Through a spokeswoman, Riedlinger declined a request for an interview.
Board members also sparred over how she had responded to the union drive.
The day after the board approved a resolution stating that they would remain neutral in the upcoming union election, the administration sent an email urging teachers to vote against the union. It warned them that the union would hurt the “rare chemistry” between teachers and administrators.
A couple board members said this violated their promise to stay neutral.

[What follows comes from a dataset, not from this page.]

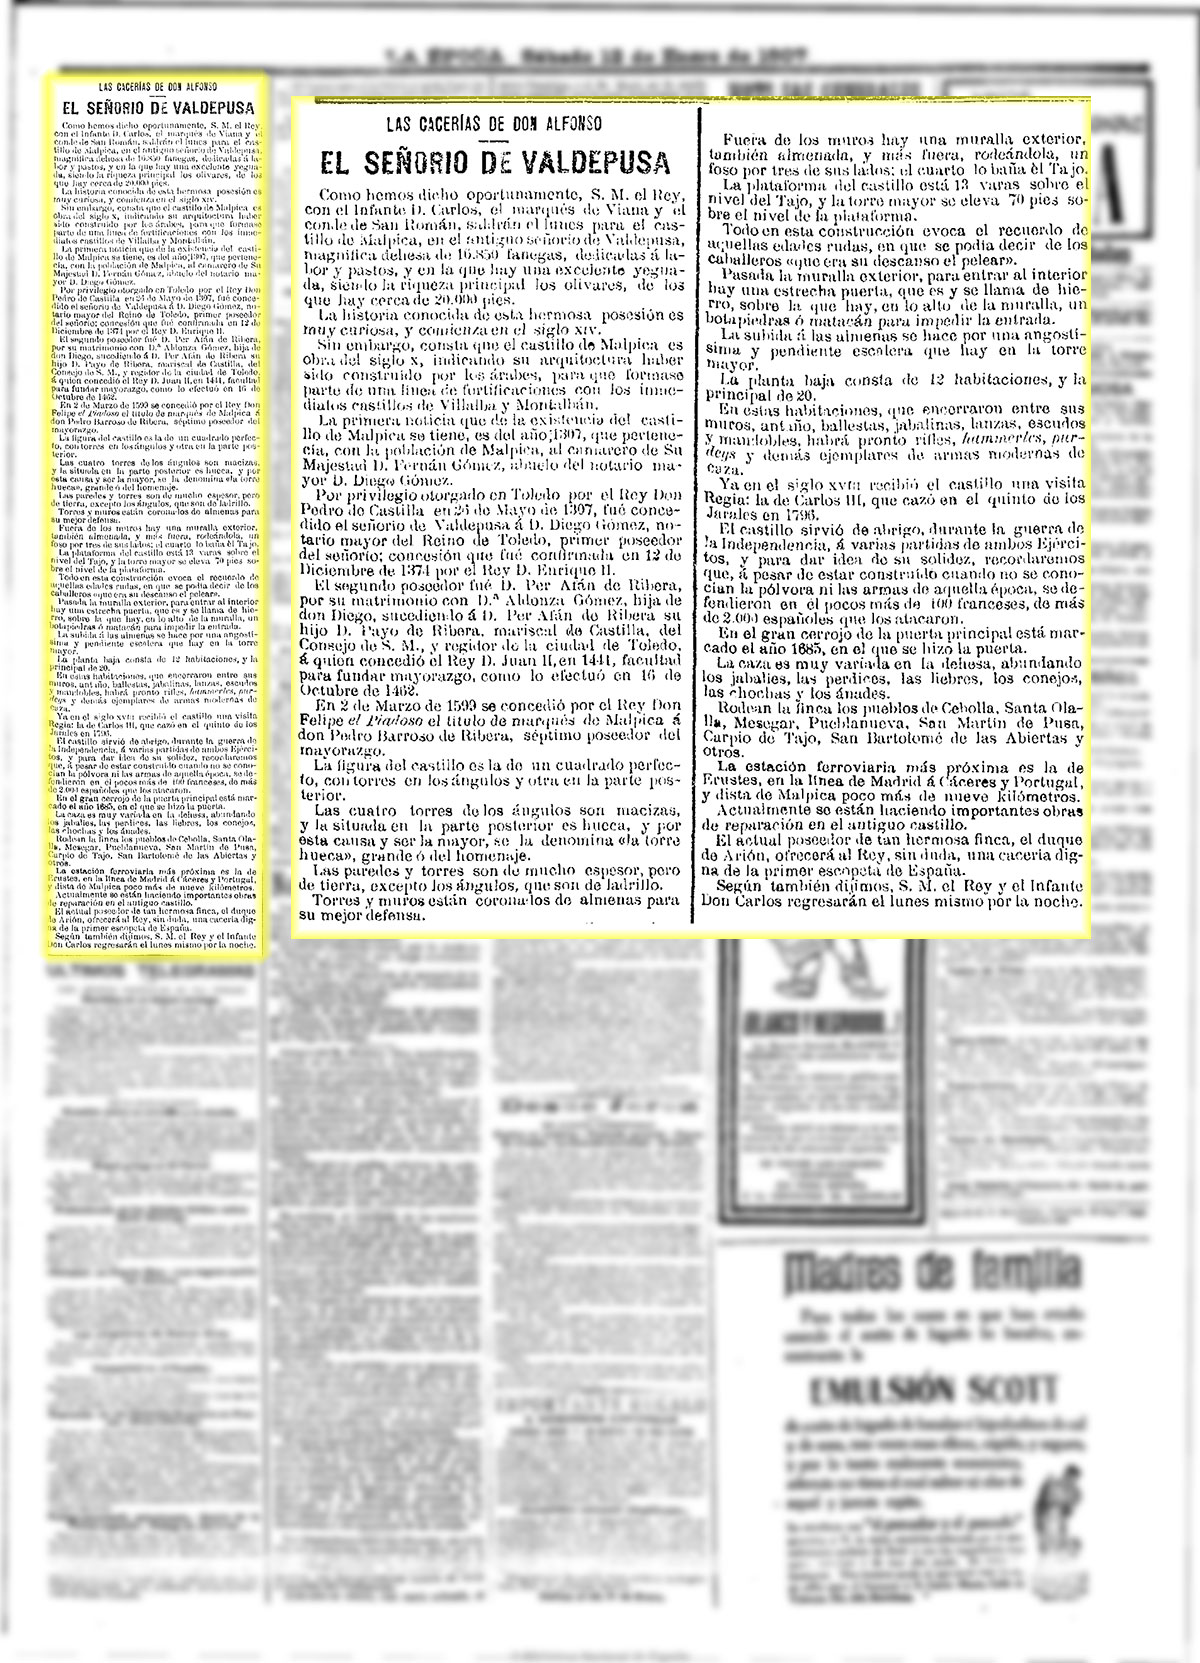 La Época 12-1-1907, n.º 20.238. Artículo sobre Valdepusa con motivo de la cacería del rey Alfonso XIII
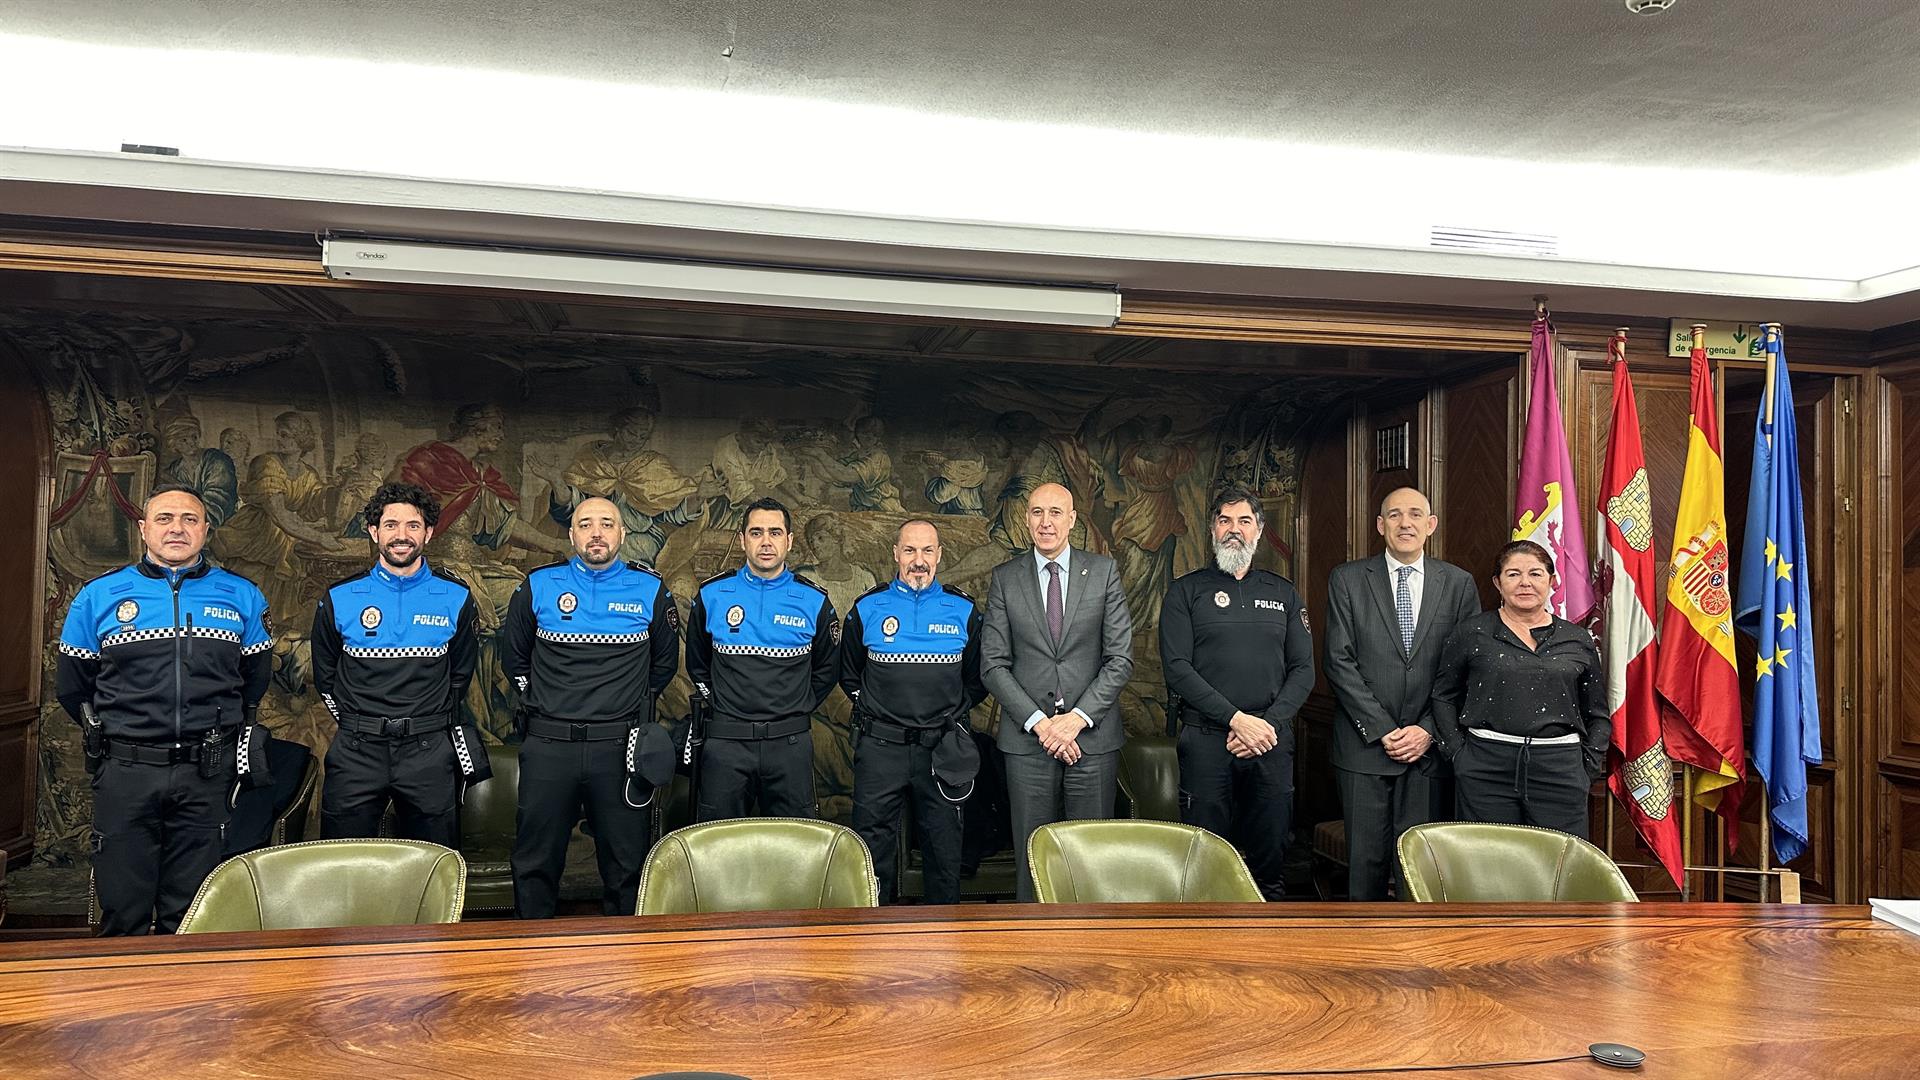 Los nuevos policías de León junto con el alcalde, José Antonio Diez. | L.N.C.

Others said the letter had been approved by labor attorney Mag Bickford, and the resolution applied to the board, not the administration.
Lusher formally opposed the union’s effort to let teachers vote on the issue, arguing that the charter school wasn’t subject to the federal agency’s oversight.
“We did include the jurisdiction argument,” Bickford told the board. “Because the board was split, I had to do that without a subcommittee to direct me.”
“Where,” Leonhard asked, “did you get the authority to do so? As you correctly pointed out, our board was clearly split.”
Bickford responded: “Please understand that I was copied on many emails on the topic and did not have a vote from the Board. Kathy was adamant that jurisdiction be included.”
LeCesne said, “The Board has vowed to be neutral and Kathy cannot insist on tactics that violate the policy no matter how adamant she is.”
Wisdom fired back: “Mag: Blaine does not speak for the board.”
LeCesne said it wasn’t the first time Riedlinger had interfered with the board’s lawyer, although others argued that it was well within her authority to direct Bickford.
LeCesne told the board that Robert Spencer of The Kullman Firm withdrew as Lusher’s labor attorney because of Riedlinger’s “continued, unrelenting intrusion into the attorney-client relationship.”
LeCesne said that Spencer had told him “that he had to remind Kathy several times, when she attempted to dictate legal strategy, that she was not the client, the Board was.”
Spencer declined to comment, citing attorney-client privilege.
In an interview Wednesday, LeCesne said the emails showed strong emotions, “as is the case with any highly charged issue such as this.”
He said he hoped the divisions wouldn’t have a lasting effect on the board’s leadership. “They certainly don’t from my perspective.”